The last operator factor may be expressed several ways:

$f(D_t)|_{t=0} \;\; p_j(t)p_k(t)$

$= e^{a. D_t}|_{t=0} \;\; p_j(t)p_k(t) = p_j(a.)p_k(a.) = p_j(t)p_k(t)|_{t^n=a_n}$

$= \sum_{m \geq 1 } \; \; \;\; a_m \frac{D_t^m}{m!} |_{t=0} \; p_j(t)p_k(t)$

$= \sum_{m \geq 1 } \; \; \;\; a_m \; \sum_{q=0}^m \; [\frac{D_t^{m-q}}{(m-q)!} p_j(t)] \; [\frac{D_t^{q}}{q!} p_k(t)] |_{t=0}$

$= \sum_{m \geq 1 } \; \; \;\; a_m \; \sum_{q \geq 0 } \; p_{j,m-q} \; p_{k,q}$

where $p_0(t) = 1$ and $p_n(t) = \sum_{m=1}^n \; \; p_{n,m} t^m$.

The product of the Sheffer polynomials may be written, as discussed by J. Taylor in his thesis “Formal group laws and hypergraph colorings“, in terms of linear combinations of the Sheffer polynomials as

$p_j(t)p_k(t) = \sum_{n \leq (j+k)} \; c^n_{j,k} \; p_n(t)$.

Then noting that $f(D_t) = L$ is the lowering operator for the Sheffer polynomials, defined by $L \; p_n(t) = n \; p_{n-1}(t)$, and that the raising operator, defined by $R \; p_n(t) = p_{n+1}(t)$, is $R = t \; 1/[df(D_t)/dD_t]$ (see Sec. 3: A Walk with Bruno and Blissard, pages 12 and 13, of my pdf “Mathemagical Forests” for derivations of these relations),

$f(D_t) \; p_j(t)p_k(t) = L \; p_j(t)p_k(t) = L \; (R^j 1) (R^k 1)$

$= \sum_{n \leq (j+k)} \; c^n_{j,k} \; L \; p_n(t)$

$= \sum_{n \leq (j+k)} \; c^n_{j,k} \; n \; p_{n-1}(t)$

$= \sum_{n \leq (j+k)} \; c^n_{j,k} \; n \; R^{n-1}1$.

Evaluated at the origin,

$f(D_t) |_{t=0} \; p_j(t)p_k(t) = \sum_{n \leq (j+k)} \; c^n_{j,k} \; n \; p_{n-1}(0) = \; c^1_{j,k} = p_j(a.)p_k(a.),$

where the umbral evaluation is carried out only after multiplying the polynomials together treating the umbral variable as a regular variable.
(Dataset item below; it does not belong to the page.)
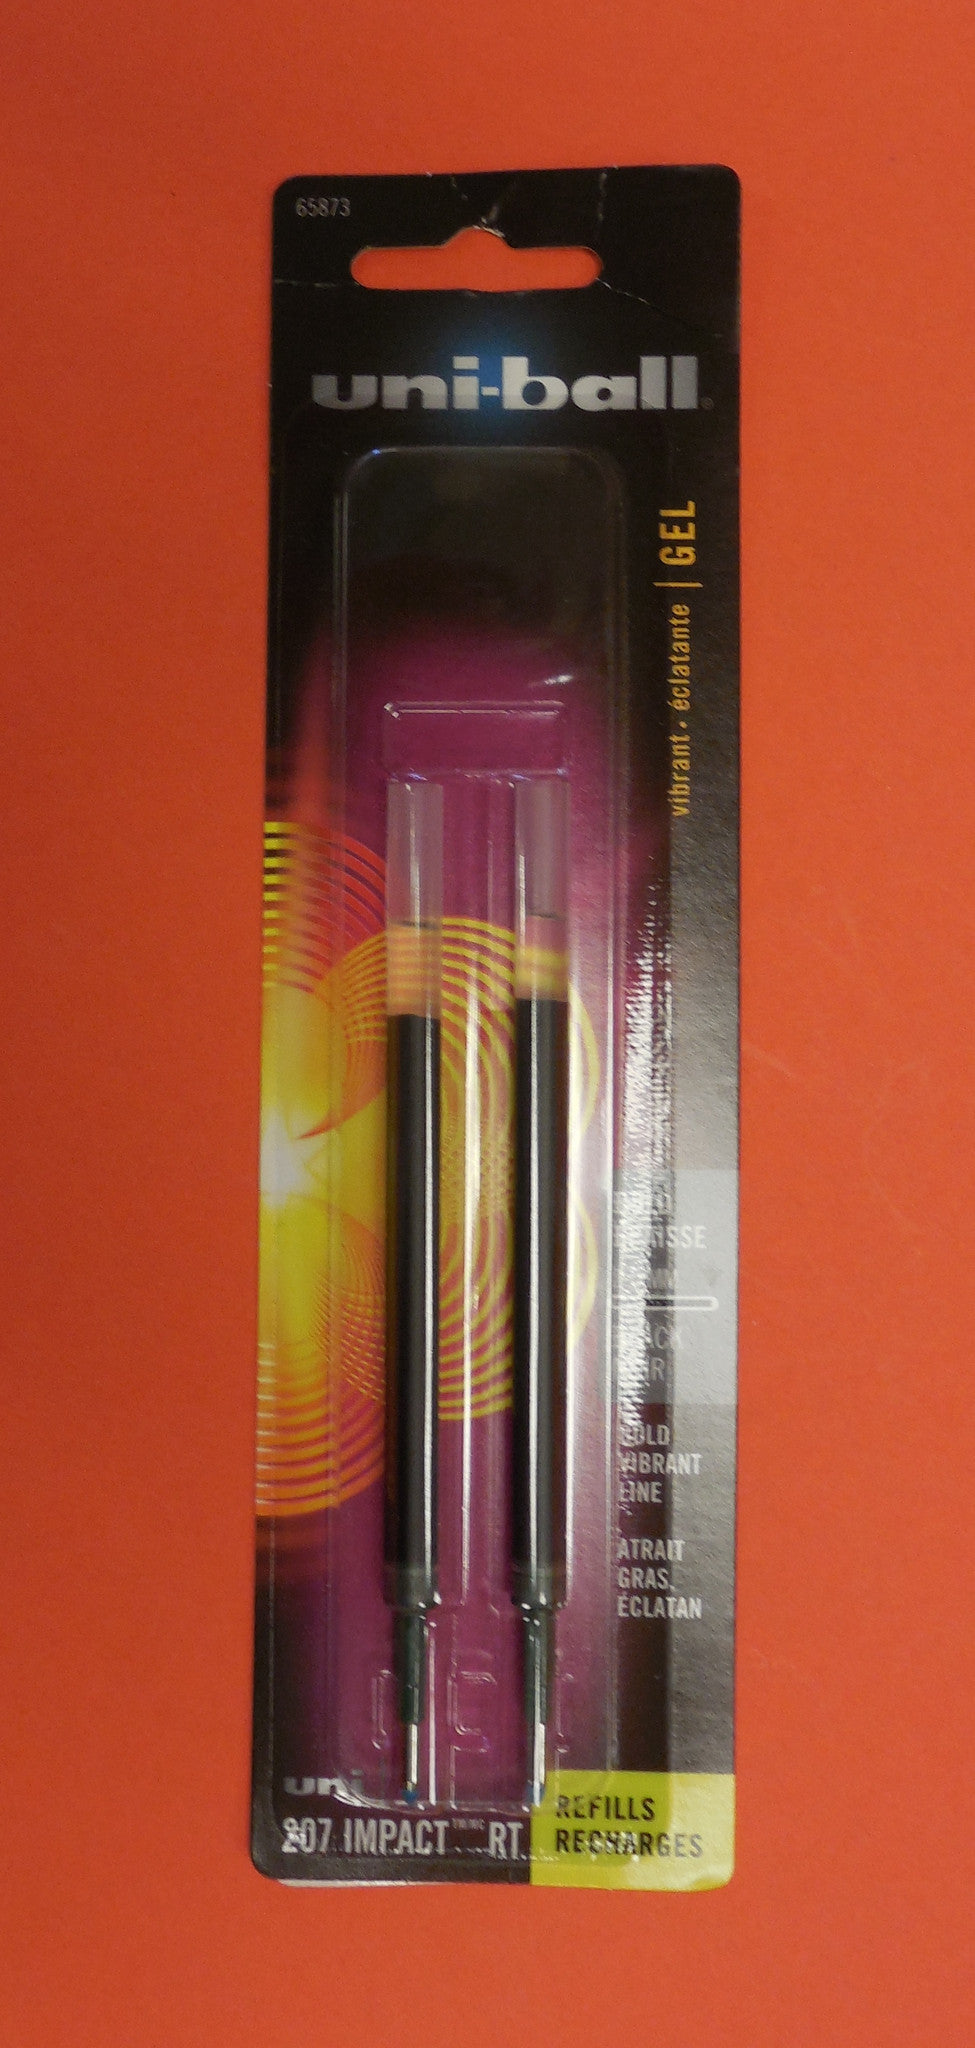 Refill kits for the uni-ball pen

A good inverse pair for a sanity check is $f(x) = e^x - 1$ and $f^{-1}(x) = ln(1+x)$ for which the Sheffer polynomials are the falling factorials or Stirling polynomials of the first kind, $p_n(t) = t!/(t-n)!$. For example,

$f(D_t)|_{t=0} \;\; e^{t f^{-1}(x)} e^{tf^{-1}(y)} = (e^{D_t} -1) |_{t=0} \;\; (1+x)^t (1+y)^t$

$= [(1+x)(1+y)]^{t+1}-[(1+x)(1+y)]^{t} |_{t=0} = (1+x)(1+y)-1= x+y+xy.$

Note also that with $g(y) = 1 / (df^{-1}(y)/dy)$ and  $(x,y) = (f^{-1}(y),f(x))$,

$e^{u \; g(y)D_y}y = e^{u \; d/df^{-1}(y)}y = e^{u \; d/dx}f(x) = f(x+u) = f(f^{-1}(y)+u)= H(y,u),$

so

$H(0,x) = f(x) = \sum_{n>0} \; [g(y)D_y]^n y |_{y=0} \; \frac{x^n}{n!},$

and clearly if the coefficients of the formal Taylor series expansion of $g(x)$ are non-negative integers, then so are the coefficients of $f(x)$. These coefficients are given in OEIS A145271.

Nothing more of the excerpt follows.